Understanding how AI models reach specific conclusions is crucial for identifying bias to ensure fairness and increase accuracy, especially in high-stakes applications like healthcare and finance. Explainable AI has emerged as a response to “black box” AI systems and models that are not easily understood or accessed and often lack transparency in how they process inputs to generate results.
As AI adoption accelerates, the demand for explainability and accuracy increases in tandem, raising questions like “How can you reduce what is essentially interpolation error in these models so that people can count on what they get out of them? » said Gropp. “It was to see this demand that we proposed this. I think that’s why the NSF funded it, and that’s why we’re so excited.
Democratizing AI… and HPC?
DeltaAI will be made available to researchers nationwide through the NSF ACCESS program and the National Artificial Intelligence Research Resource (NAIRR) pilot initiative. This broad accessibility is designed to foster collaboration and extend the reach of DeltaAI’s advanced computing capabilities.
“We’re really excited to see more and more users take advantage of our cutting-edge GPUs, as well as the kind of support we can offer and the ability to work with other groups and share content. our resources,” Gropp said.
Gropp says the new system will play a dual role in advancing AI and more conventional computer science. While DeltaAI’s nodes are optimized for AI-specific workloads and tools, they are also accessible to HPC users, as the system design makes it a versatile platform that serves both research and AI and traditional HPC applications.
HPC workloads such as molecular dynamics, fluid mechanics, and structural mechanics will significantly benefit from the system’s advanced architecture, particularly its multi-GPU nodes and unified memory. These features address common HPC challenges, such as memory bandwidth limitations, by providing considerable bandwidth that improves performance for compute-intensive tasks.
DeltaAI is integrated with the original Delta system on the same Slingshot network and shared file system, representing a forward-thinking approach to infrastructure design.

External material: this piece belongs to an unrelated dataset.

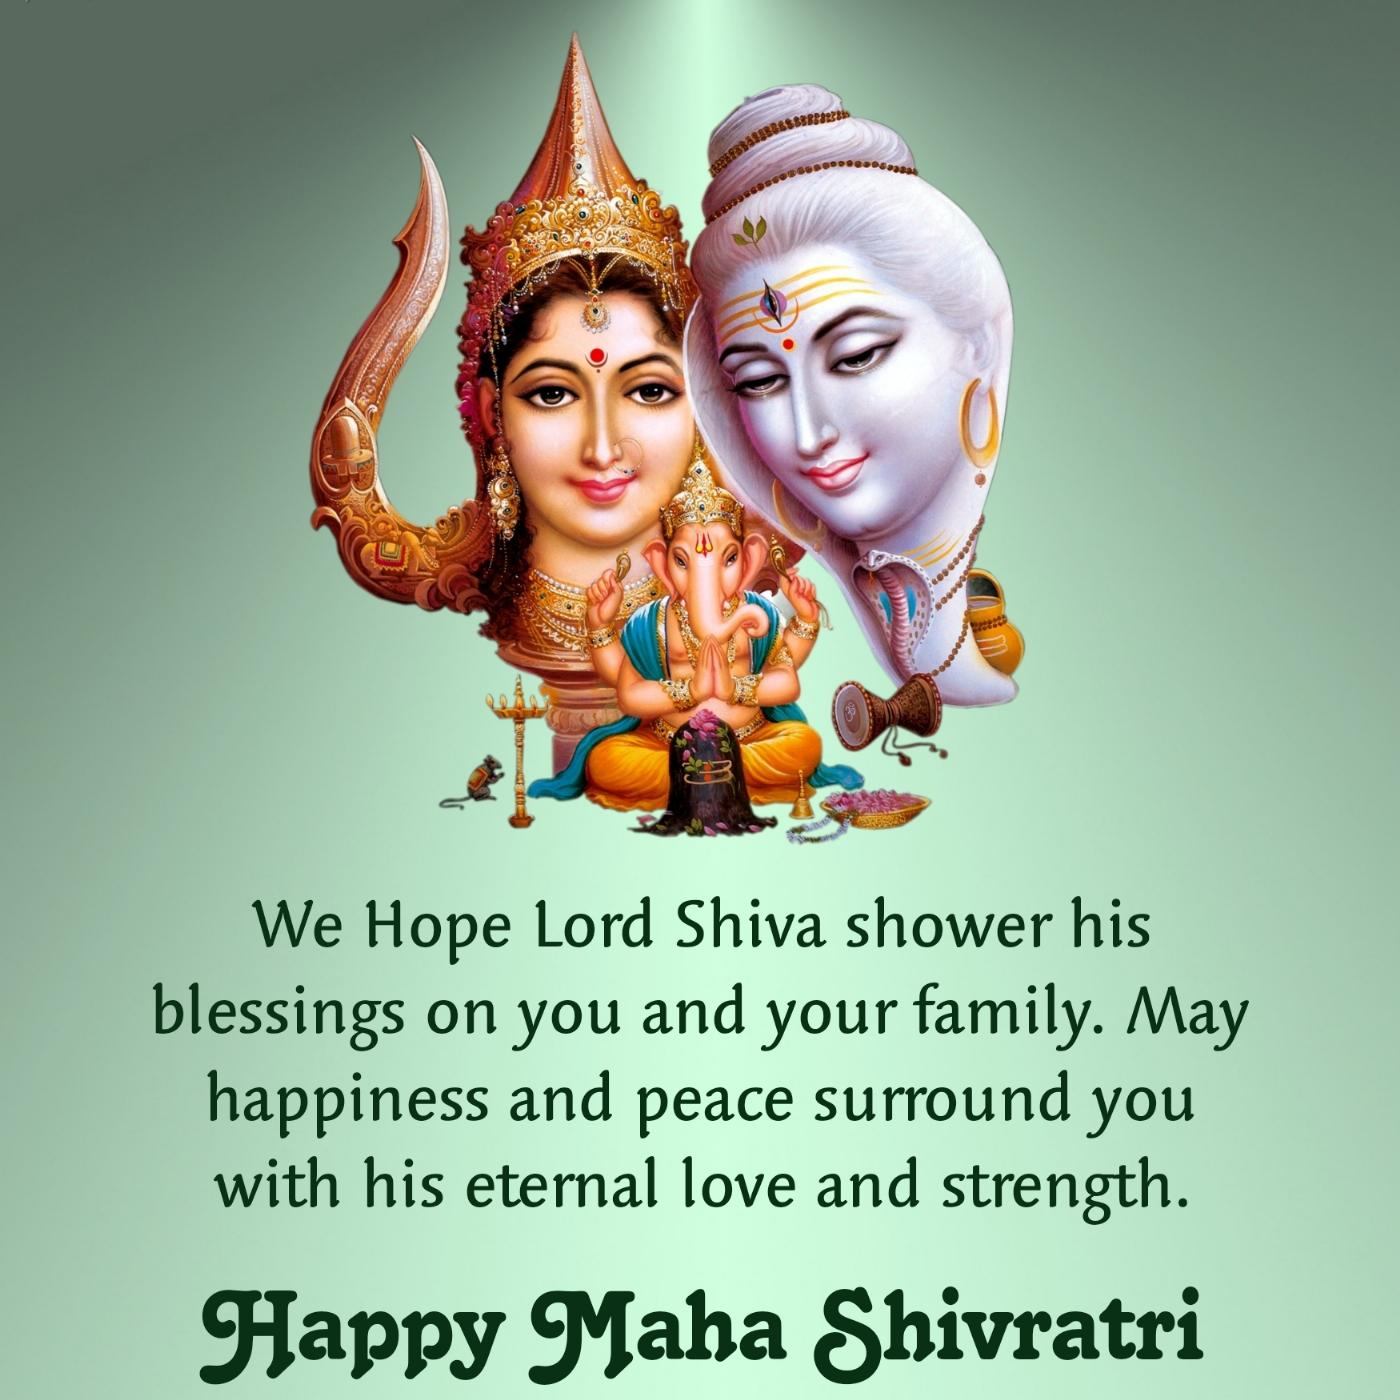 We Hope Lord Shiva shower his blessings on you and your family

This interconnected configuration not only maximizes resource efficiency, but also lays the foundation for future scalability.
Gropp says plans are already in place to add new systems over the next two years, reflecting a move toward a continuous upgrade model rather than waiting until current hardware becomes obsolete. While this approach may present challenges in managing a more heterogeneous system, the benefits of staying at the forefront of innovation far outweigh the complexities.
This innovative approach to infrastructure design ensures that traditional computing workloads are maintained and seamlessly integrated with AI advancements, fostering a balanced and versatile research environment in computing’s AI-saturated landscape modern technology that can lead to AI fatigue.
“The hype around AI can be exhausting,” notes Gropp. “We need to be careful, because what AI can do has tremendous value. But there are a lot of things it can’t do, and I don’t think it will ever be able to do it, at least with the technologies we have.
DeltaAI exemplifies NCSA’s commitment to advancing both the frontiers of scientific understanding and the practical application of AI and HPC technologies. Scientific applications such as turbulence modeling benefit from the combination of HPC and AI.
“I think it’s an exciting example of what we really want to be able to do.” Not only do we want to understand it and satisfy our curiosity, but we would also like to be able to take this knowledge and use it to make the lives of humanity better. Being able to do that translation is important,” Gropp said.